Video Autoencoder: self-supervised disentanglement of 3D structure and motion

Overview

Video Autoencoder: self-supervised disentanglement of 3D structure and motion

This repository contains the code (in PyTorch) for the model introduced in the following paper:

Video Autoencoder: self-supervised disentanglement of 3D structure and motion
Zihang Lai, Sifei Liu, Alexi A. Efros, Xiaolong Wang
ICCV, 2021
[Paper] [Project Page] [12-min oral pres. video] [3-min supplemental video]

Figure

Citation

@inproceedings{Lai21a,
        title={Video Autoencoder: self-supervised disentanglement of 3D structure and motion},
        author={Lai, Zihang and Liu, Sifei and Efros, Alexei A and Wang, Xiaolong},
        booktitle={ICCV},
        year={2021}
}

Contents

  1. Introduction
  2. Data preparation
  3. Training
  4. Evaluation
  5. Pretrained model

Introduction

Figure We present Video Autoencoder for learning disentangled representations of 3D structure and camera pose from videos in a self-supervised manner. Relying on temporal continuity in videos, our work assumes that the 3D scene structure in nearby video frames remains static. Given a sequence of video frames as input, the Video Autoencoder extracts a disentangled representation of the scene including: (i) a temporally-consistent deep voxel feature to represent the 3D structure and (ii) a 3D trajectory of camera poses for each frame. These two representations will then be re-entangled for rendering the input video frames. Video Autoencoder can be trained directly using a pixel reconstruction loss, without any ground truth 3D or camera pose annotations. The disentangled representation can be applied to a range of tasks, including novel view synthesis, camera pose estimation, and video generation by motion following. We evaluate our method on several large-scale natural video datasets, and show generalization results on out-of-domain images.

Dependencies

The following dependencies are not strict - they are the versions that we use.

Data preparation

RealEstate10K:

  1. Download the dataset from RealEstate10K.
  2. Download videos from RealEstate10K dataset, decode videos into frames. You might find the RealEstate10K_Downloader written by cashiwamochi helpful. Organize the data files into the following structure:
RealEstate10K/
    train/
        0000cc6d8b108390.txt
        00028da87cc5a4c4.txt
        ...
    test/
        000c3ab189999a83.txt
        000db54a47bd43fe.txt
        ...
dataset/
    train/
        0000cc6d8b108390/
            52553000.jpg
            52586000.jpg
            ...
        00028da87cc5a4c4/
            ...
    test/
        000c3ab189999a83/
        ...
  1. Subsample the training set at one-third of the original frame-rate (so that the motion is sufficiently large). You can use scripts/subsample_dataset.py.
  2. A list of videos ids that we used (10K for training and 5K for testing) is provided here:
    1. Training video ids and testing video ids.
    2. Note: as time changes, the availability of videos could change.

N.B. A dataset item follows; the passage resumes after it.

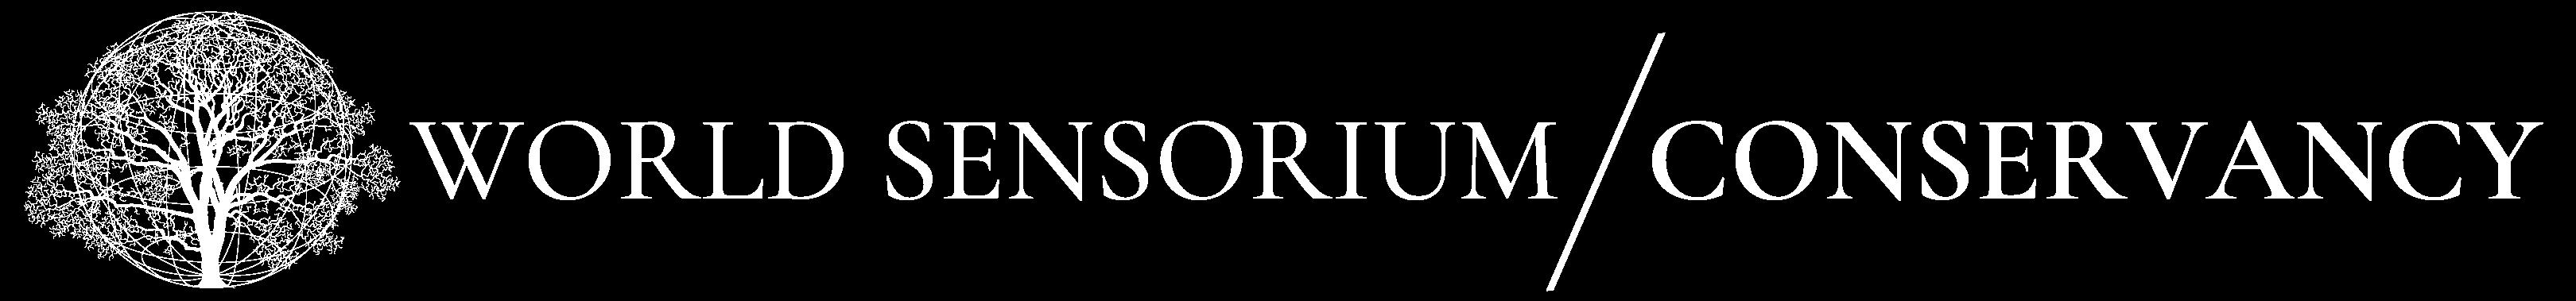 World Sensorium/Conservancy

Matterport 3D (this could be tricky):

  1. Install habitat-api and habitat-sim. You need to use the following repo version (see this SynSin issue for details):

    1. habitat-sim: d383c2011bf1baab2ce7b3cd40aea573ad2ddf71
    2. habitat-api: e94e6f3953fcfba4c29ee30f65baa52d6cea716e
  2. Download the models from the Matterport3D dataset and the point nav datasets. You should have a dataset folder with the following data structure:

    root_folder/
         mp3d/
             17DRP5sb8fy/
                 17DRP5sb8fy.glb  
                 17DRP5sb8fy.house  
                 17DRP5sb8fy.navmesh  
                 17DRP5sb8fy_semantic.ply
             1LXtFkjw3qL/
                 ...
             1pXnuDYAj8r/
                 ...
             ...
         pointnav/
             mp3d/
                 ...
    
  3. Walk-through videos for pretraining: We use a ShortestPathFollower function provided by the Habitat navigation package to generate episodes of tours of the rooms. See scripts/generate_matterport3d_videos.py for details.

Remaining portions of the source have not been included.